EXERCISE DETAILS -
Repeat only the lines between the one with "salle de bain" and the end of the material below, both ends included. Omit any picture.

DATASET CONTENT -
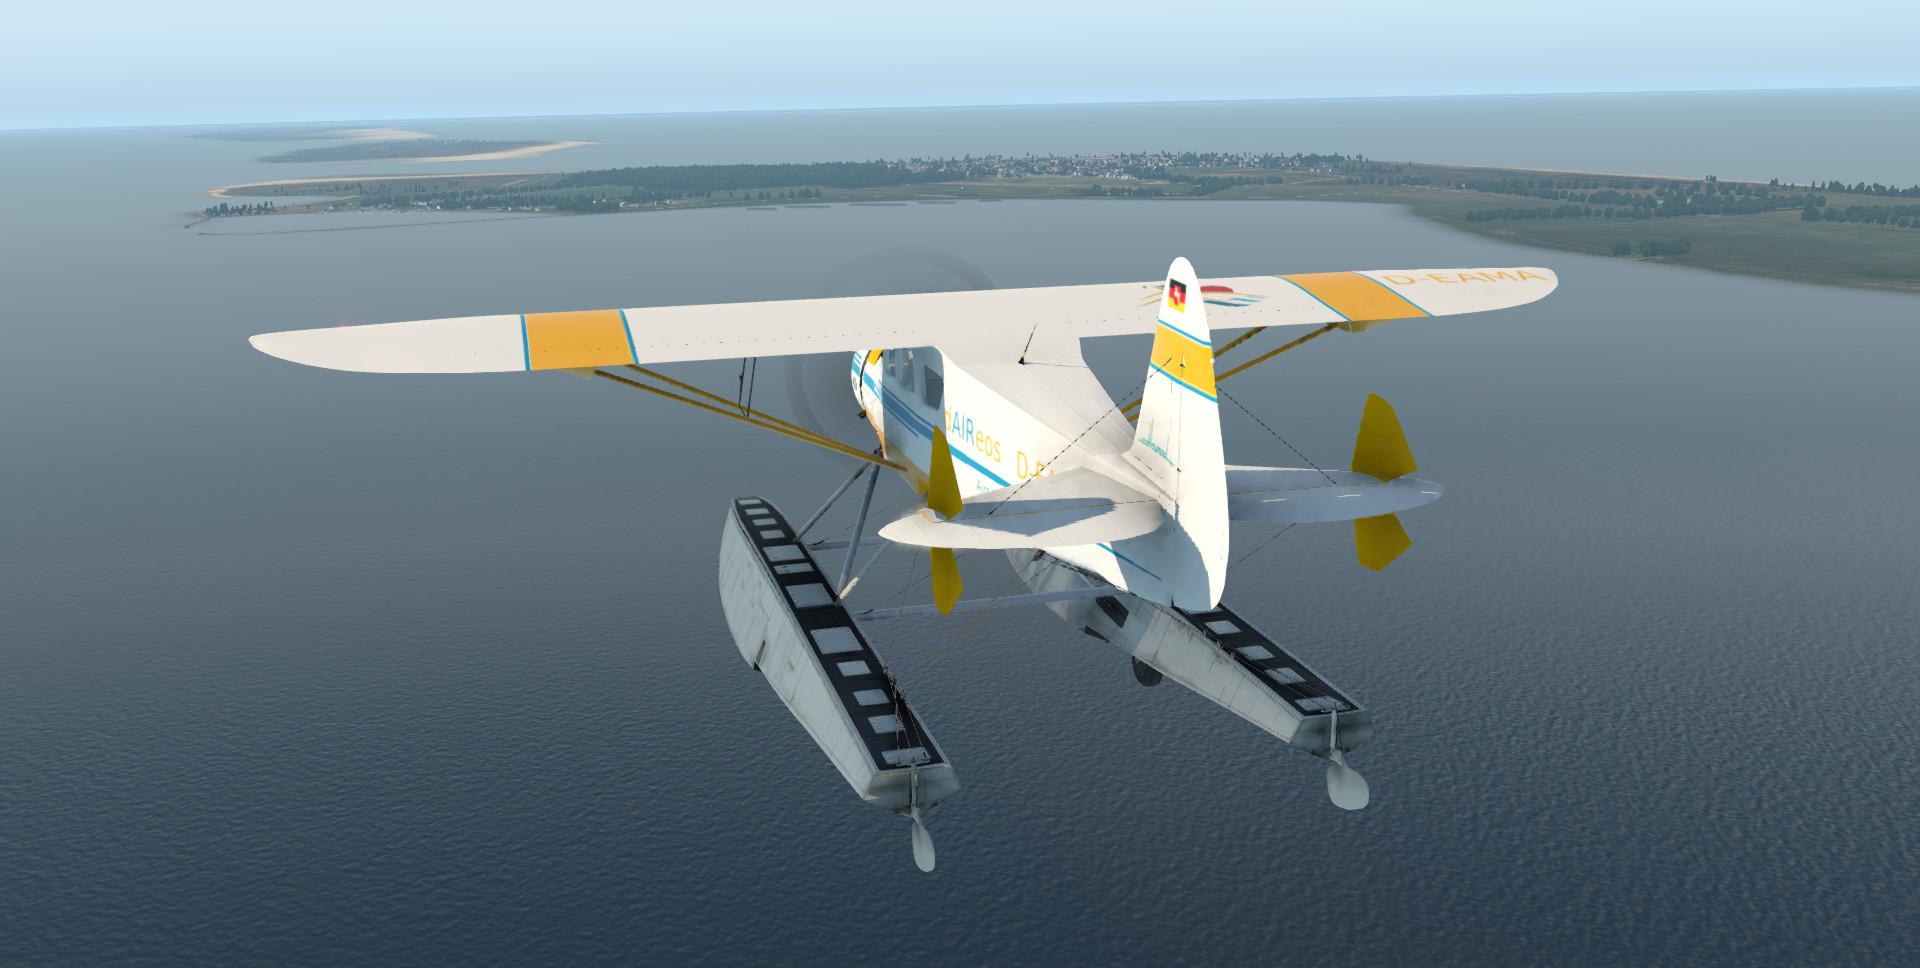 nordseerundflug-0084tjai.jpg
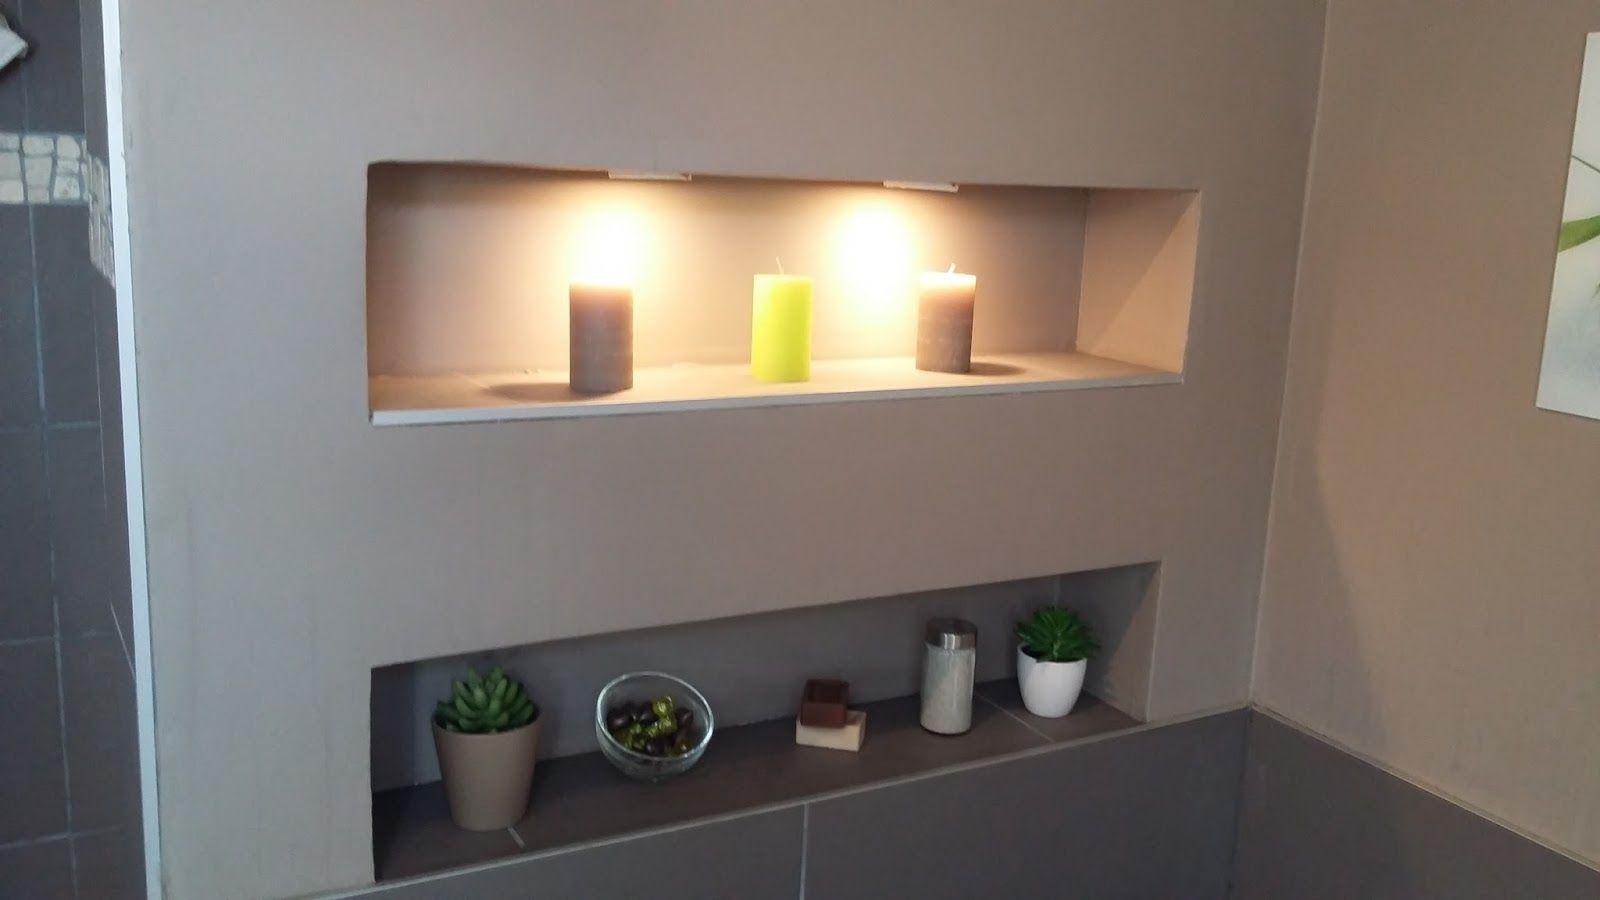 salle de bain zen nature moderne design taupe galet niche intégré ...
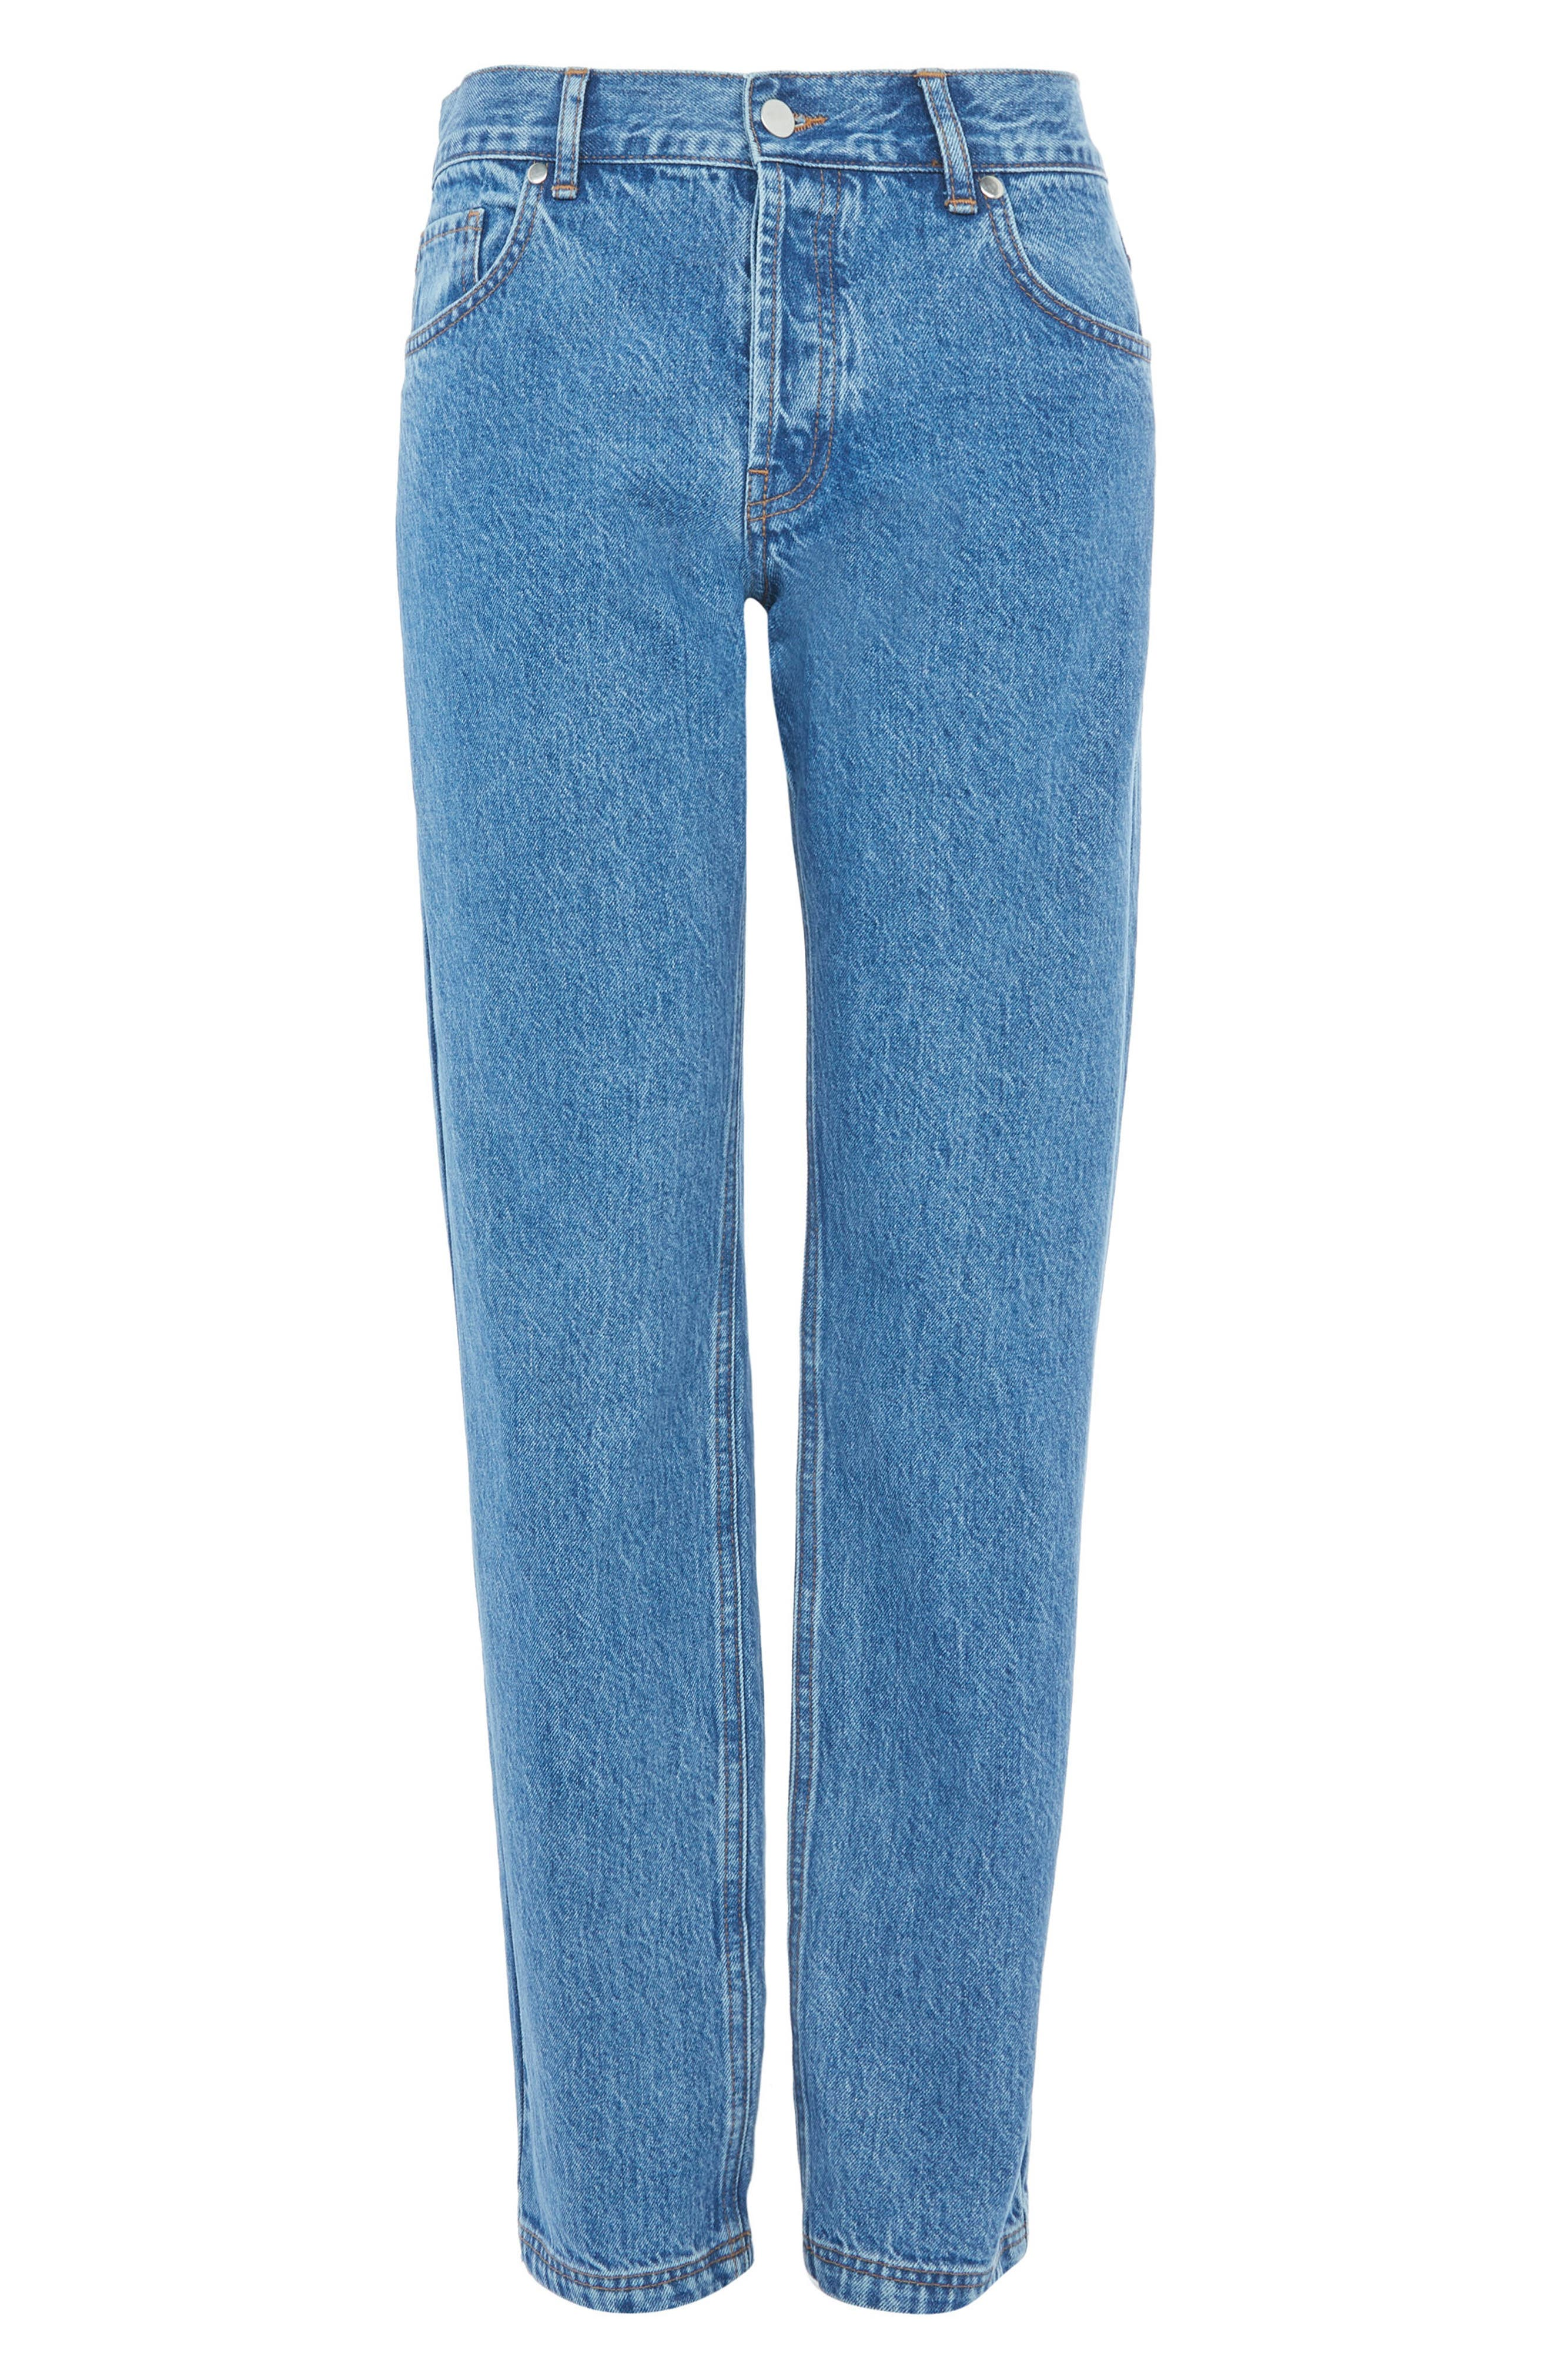 Topshop Medium Wash Straight Leg Jeans

EXERCISE RESULT -
 salle de bain zen nature moderne design taupe galet niche intégré ...
 Topshop Medium Wash Straight Leg Jeans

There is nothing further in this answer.